■ **DATA BELOW**:
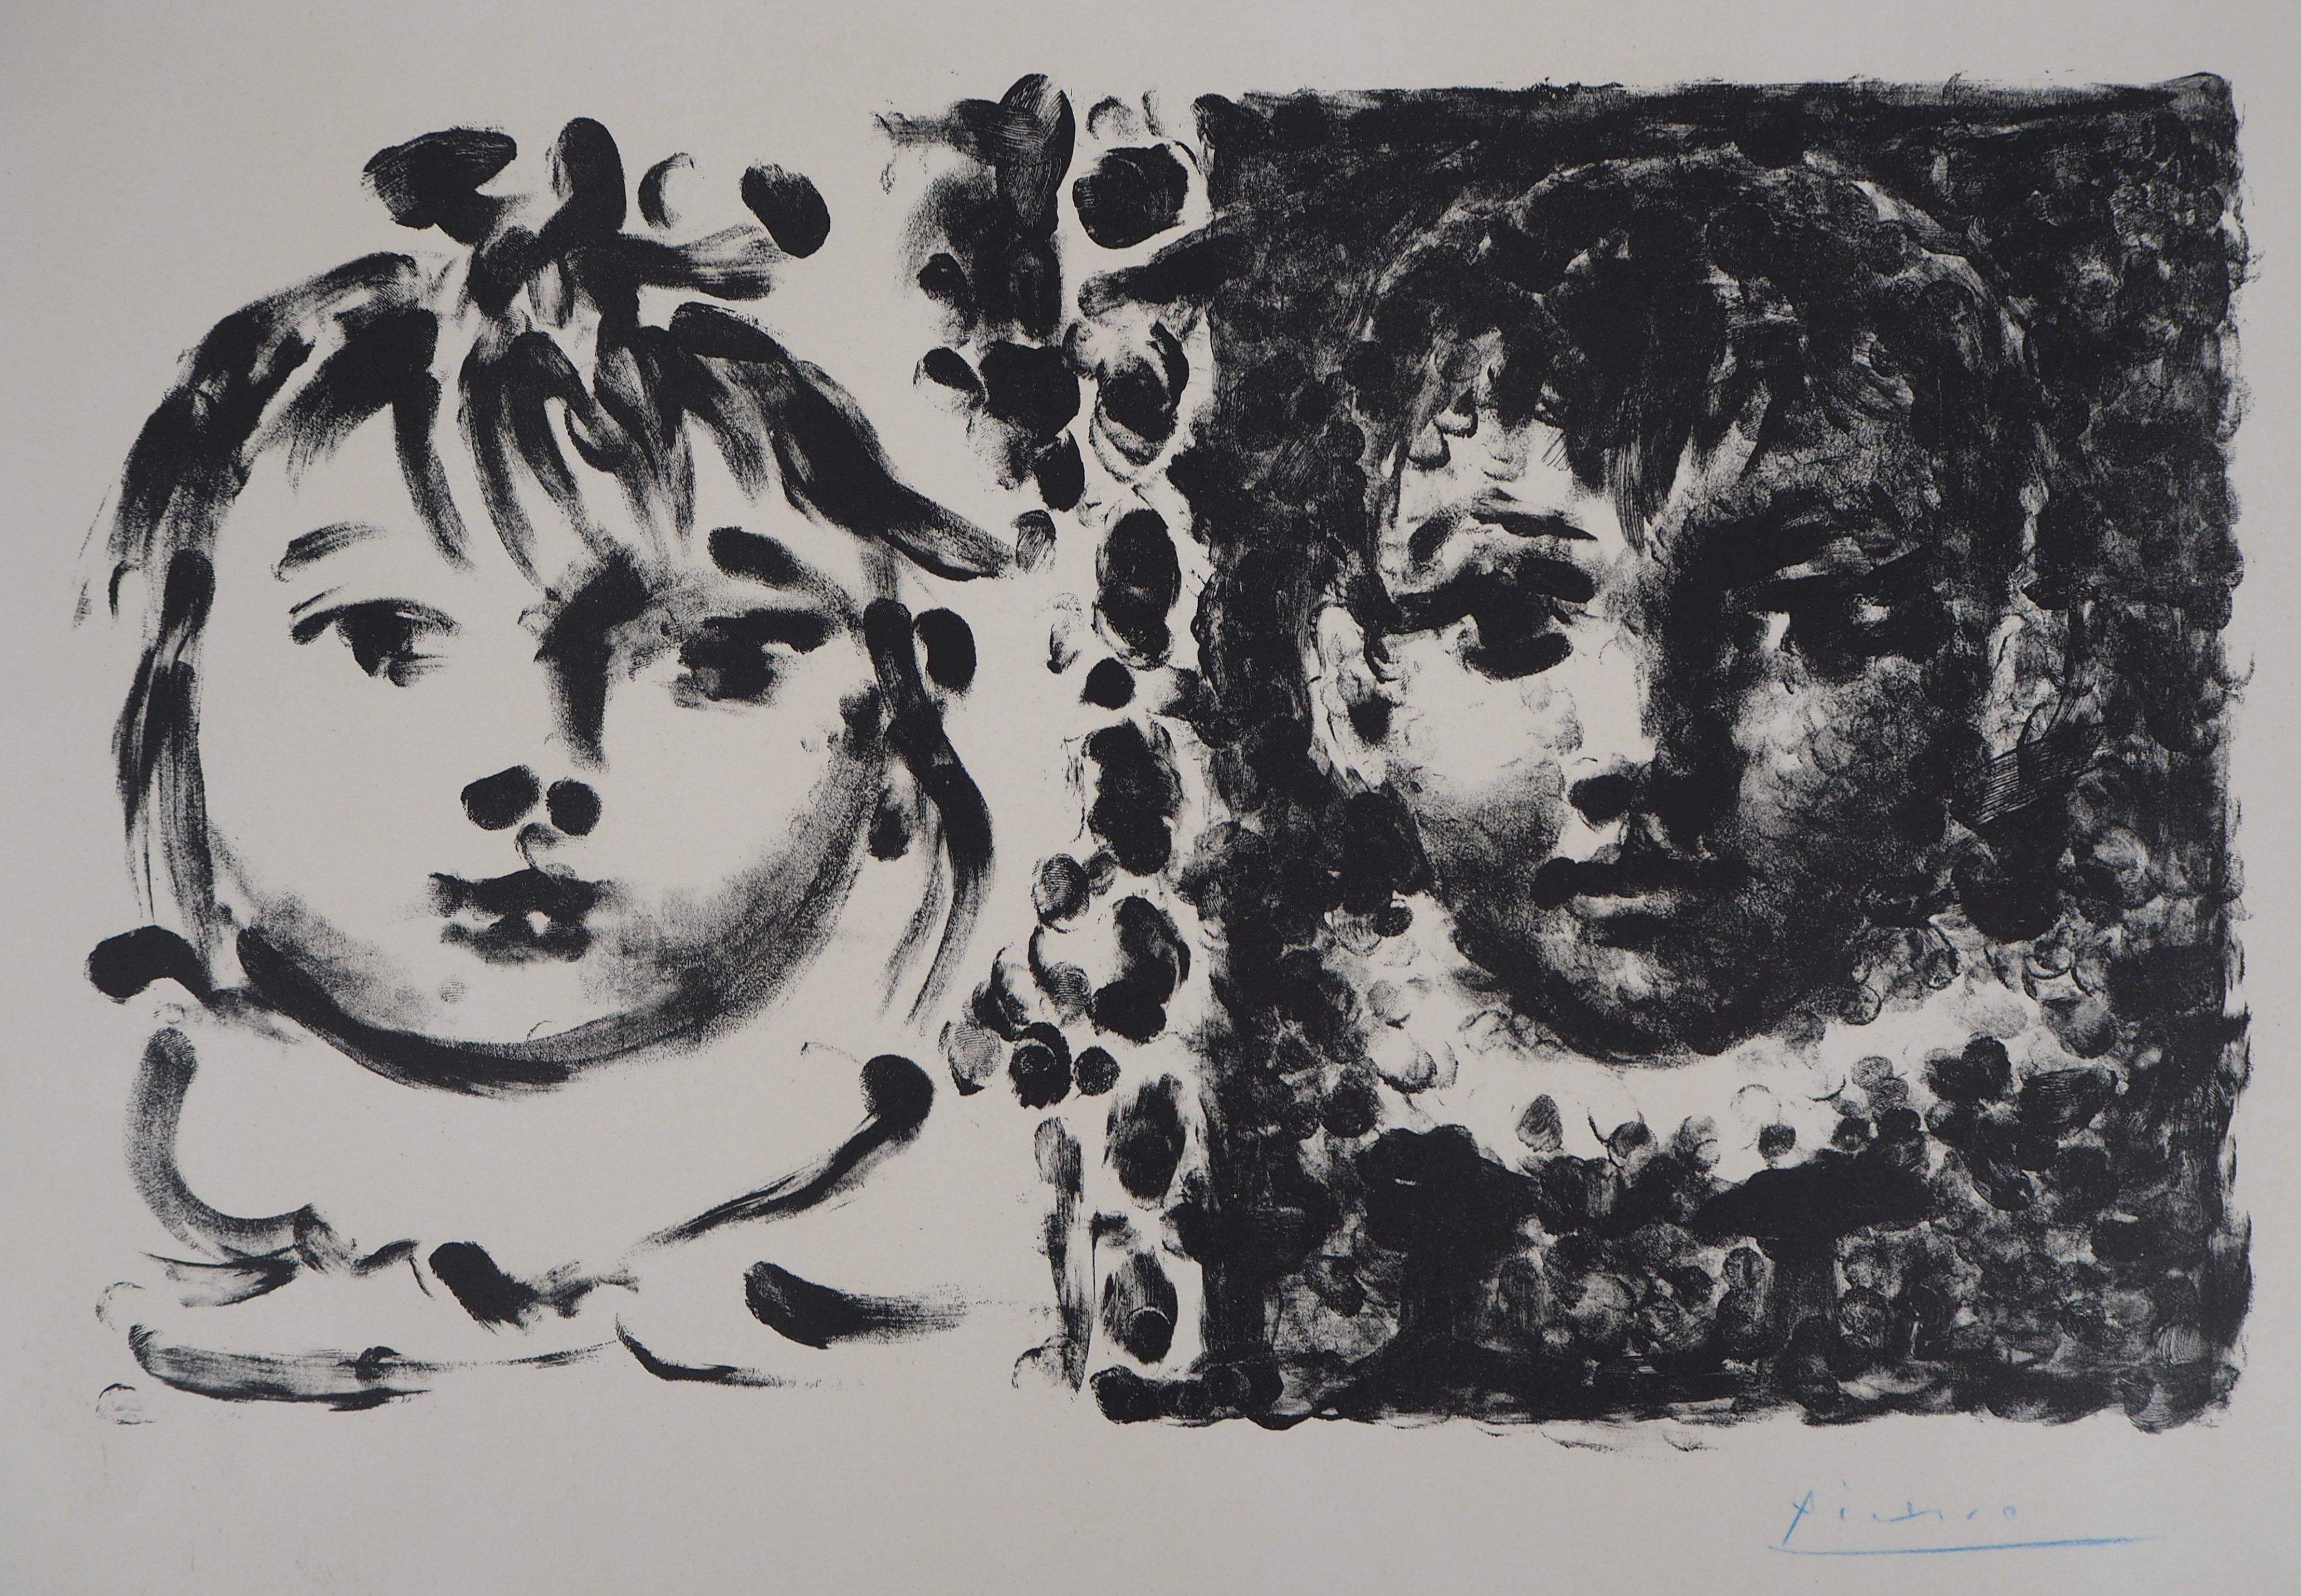 Children : Claude and Paloma - Original lithograph, Handsigned (Bloch #664) - Print by Pablo Picasso
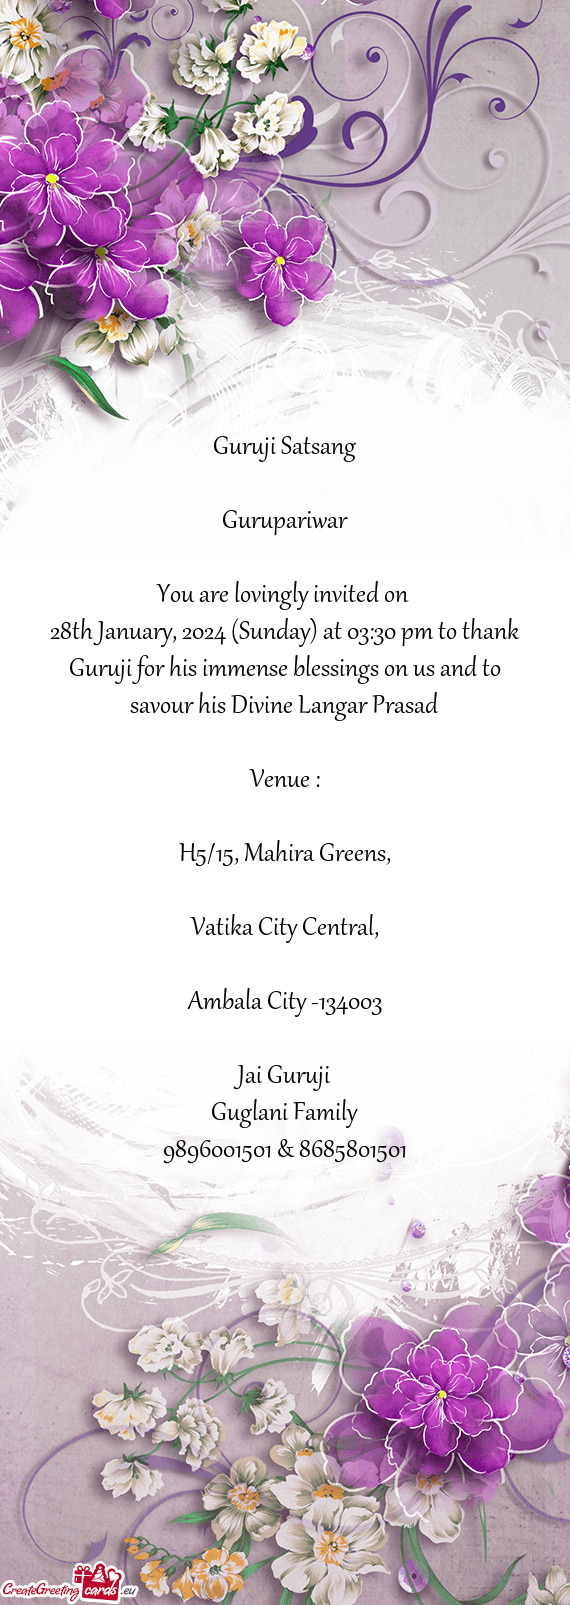 28th January, 2024 (Sunday) at 03:30 pm to thank Guruji for his immense blessings on us and to savou
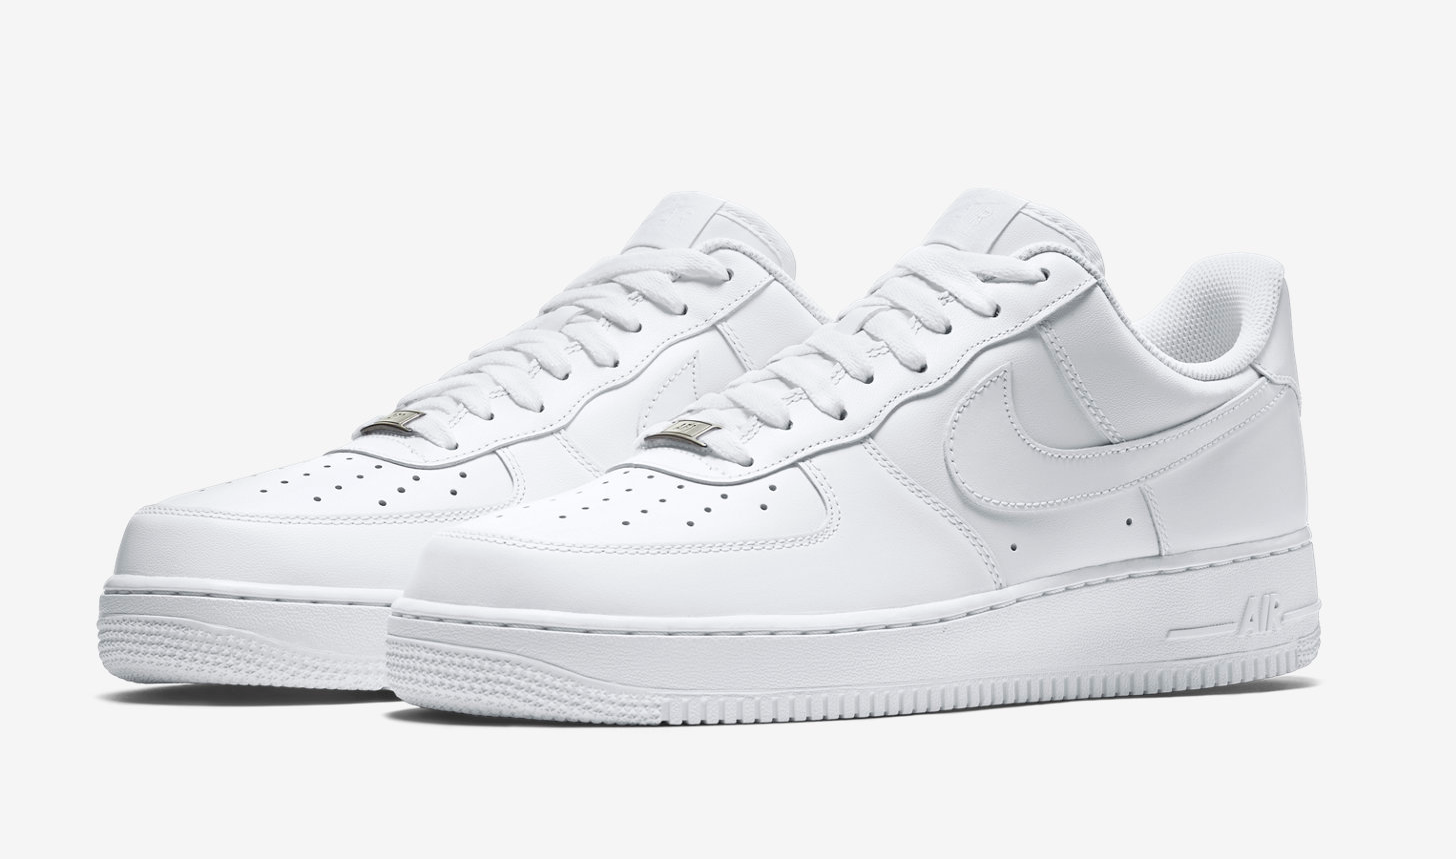 Nike Air Force 1 07 LV8 1 - Proof Culture

■ **EXERCISE REQUIREMENTS**:
When copying the material, leave every image behind and keep each line verbatim.

■ **ANSWER SPACE**:
 Children : Claude and Paloma - Original lithograph, Handsigned (Bloch #664) - Print by Pablo Picasso
 28th January, 2024 (Sunday) at 03:30 pm to thank Guruji for his immense blessings on us and to savou
 Nike Air Force 1 07 LV8 1 - Proof Culture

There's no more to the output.